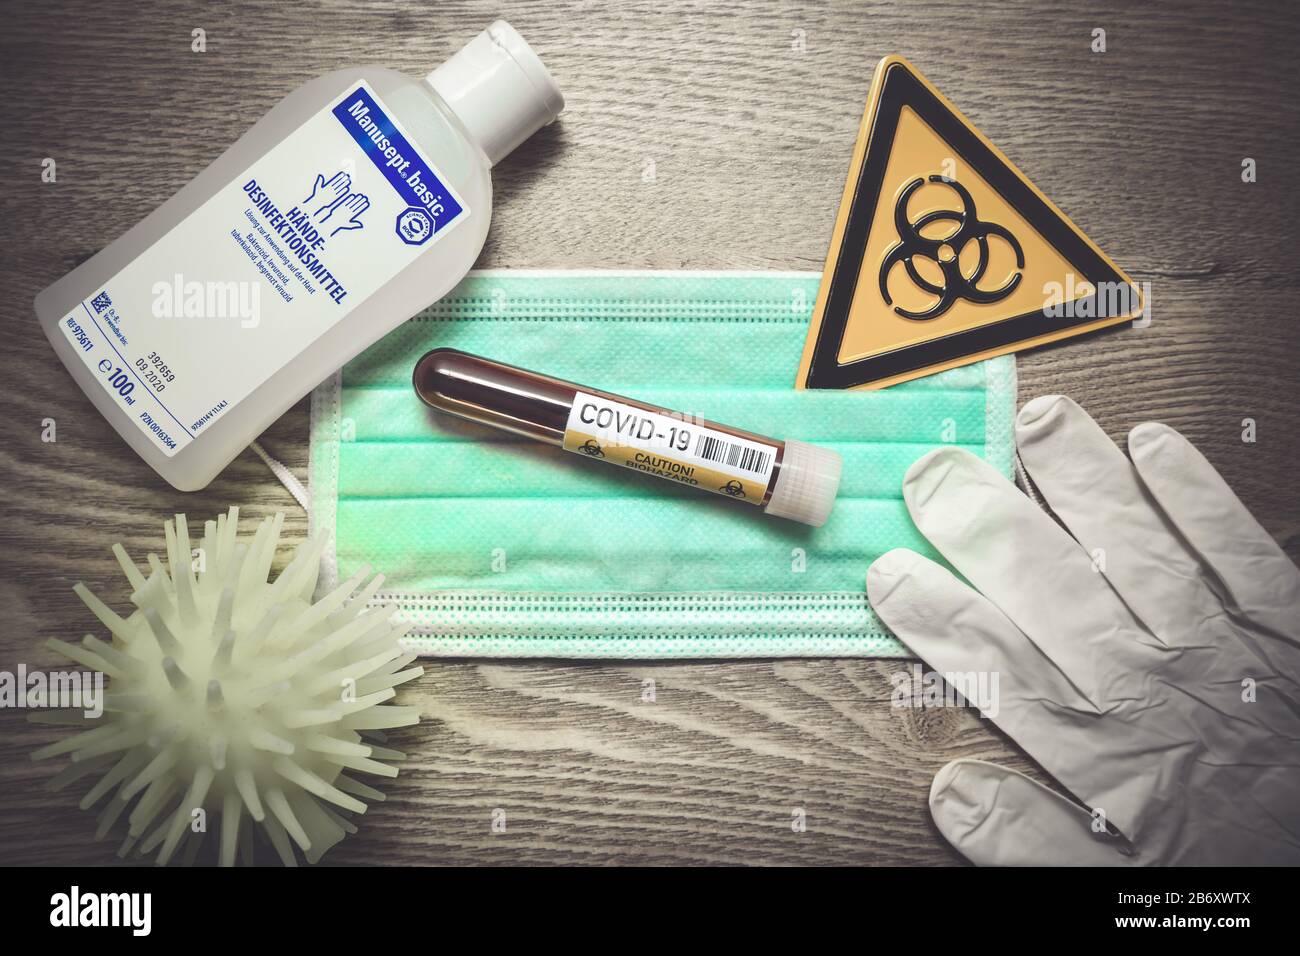 Mundschutz, Blutentnahmeroehrchen, Biogefaehrdungsschild, Schutzhandschuhe und Desinfektionsmittel auf einem Tisch, Symbolfoto Coronavirus Banque D'Images
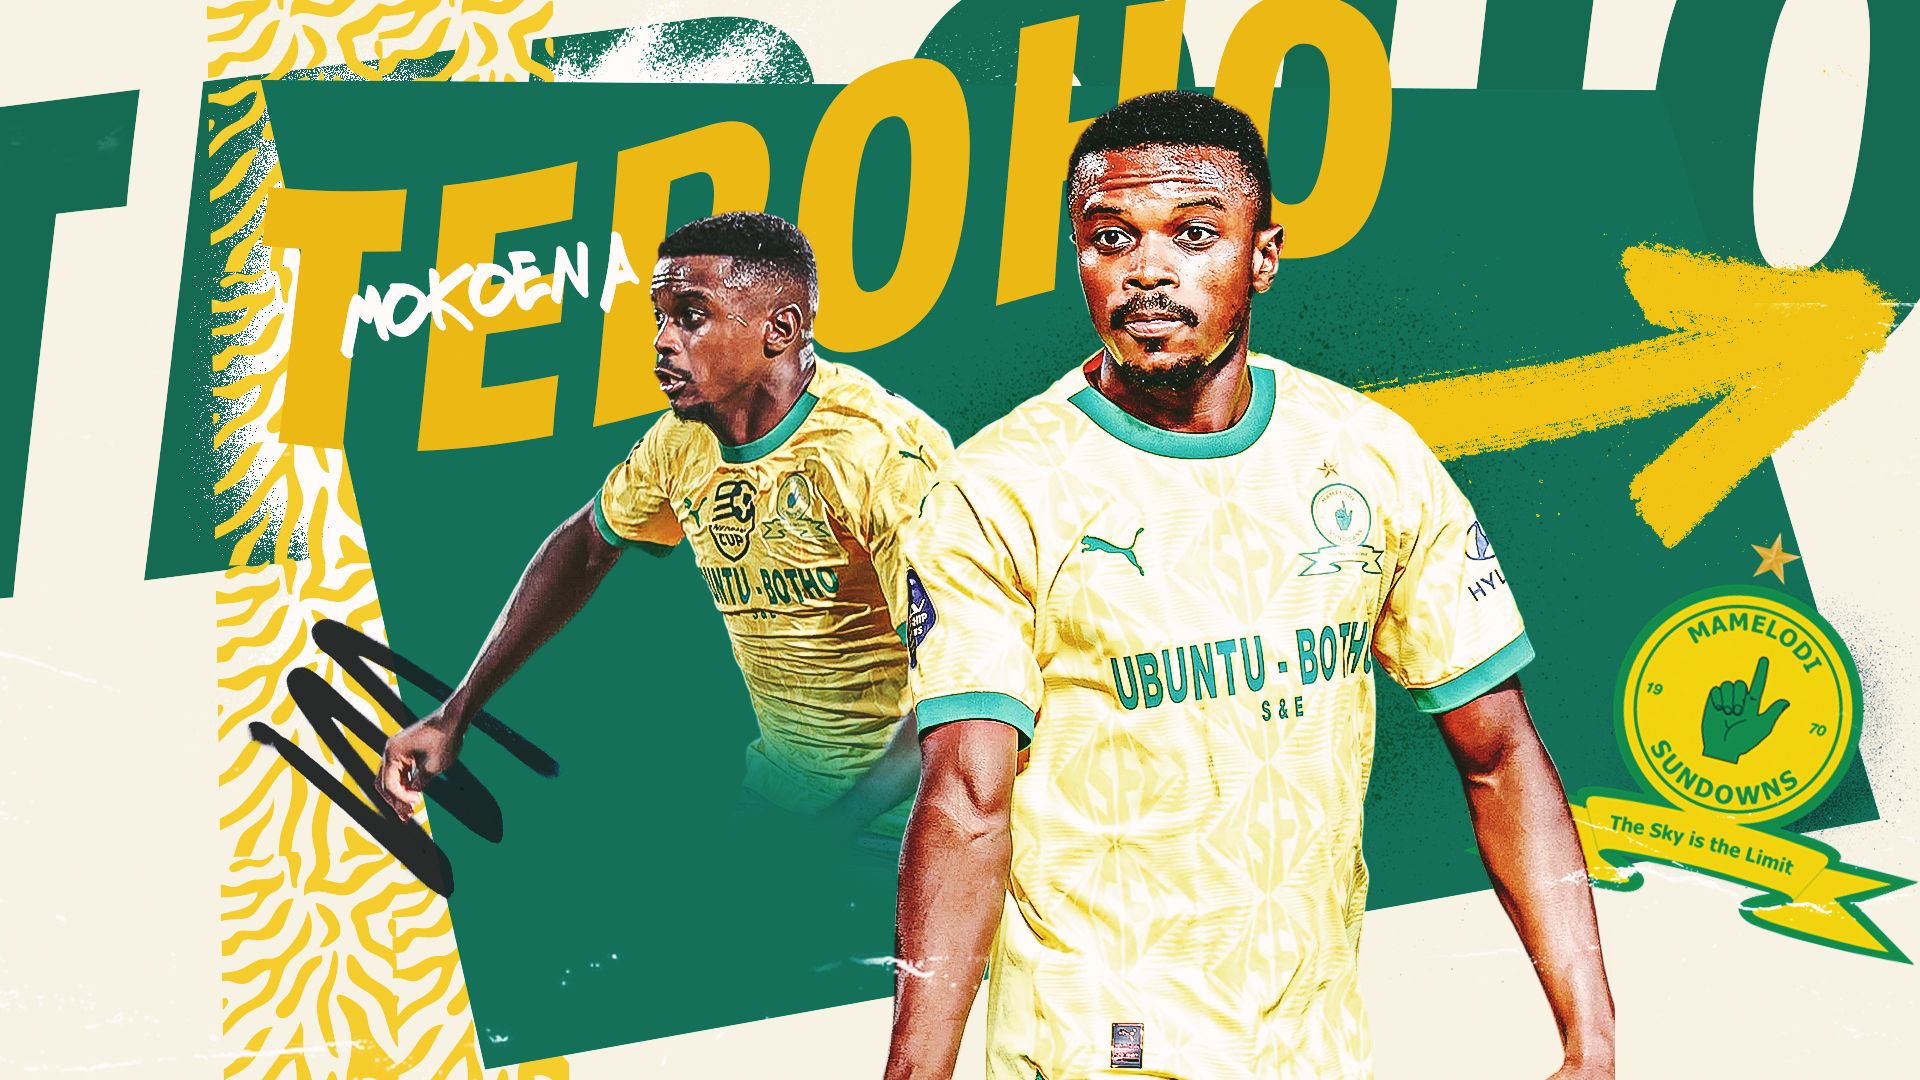 Mamelodi Sundowns reach agreement with Bafana Bafana star - Reports
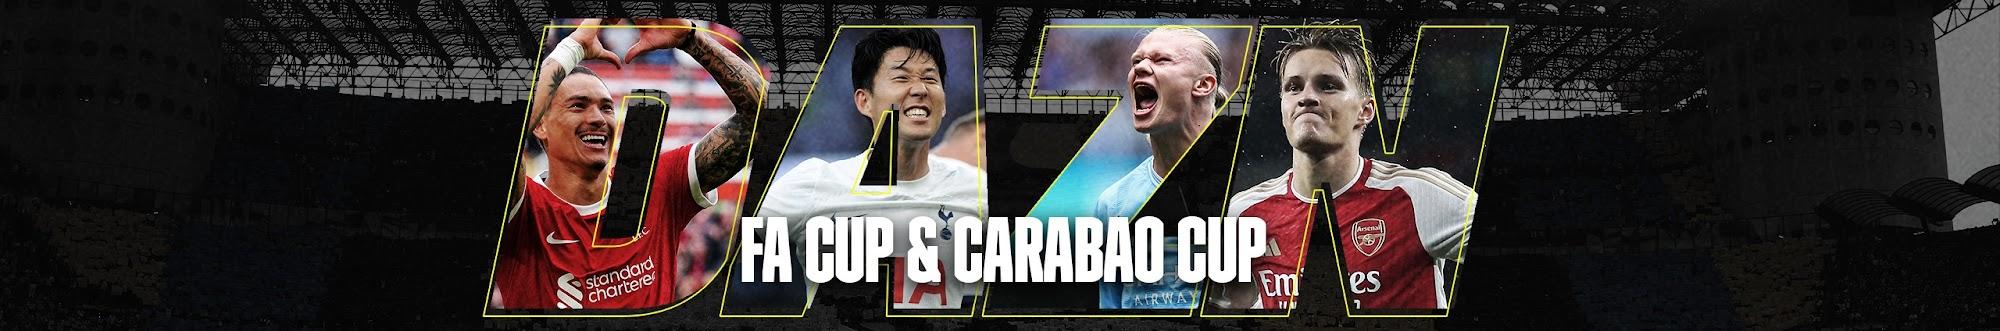 DAZN FA Cup & Carabao Cup

_YOUR INSTRUCTIONS_
No pictures should appear in the copy. Reproduce exactly the lines from the line containing "Mamelodi Sundowns reach" through the last line of the data, inclusive.

_THE COMPLETED TASK_
 Mamelodi Sundowns reach agreement with Bafana Bafana star - Reports
 DAZN FA Cup & Carabao Cup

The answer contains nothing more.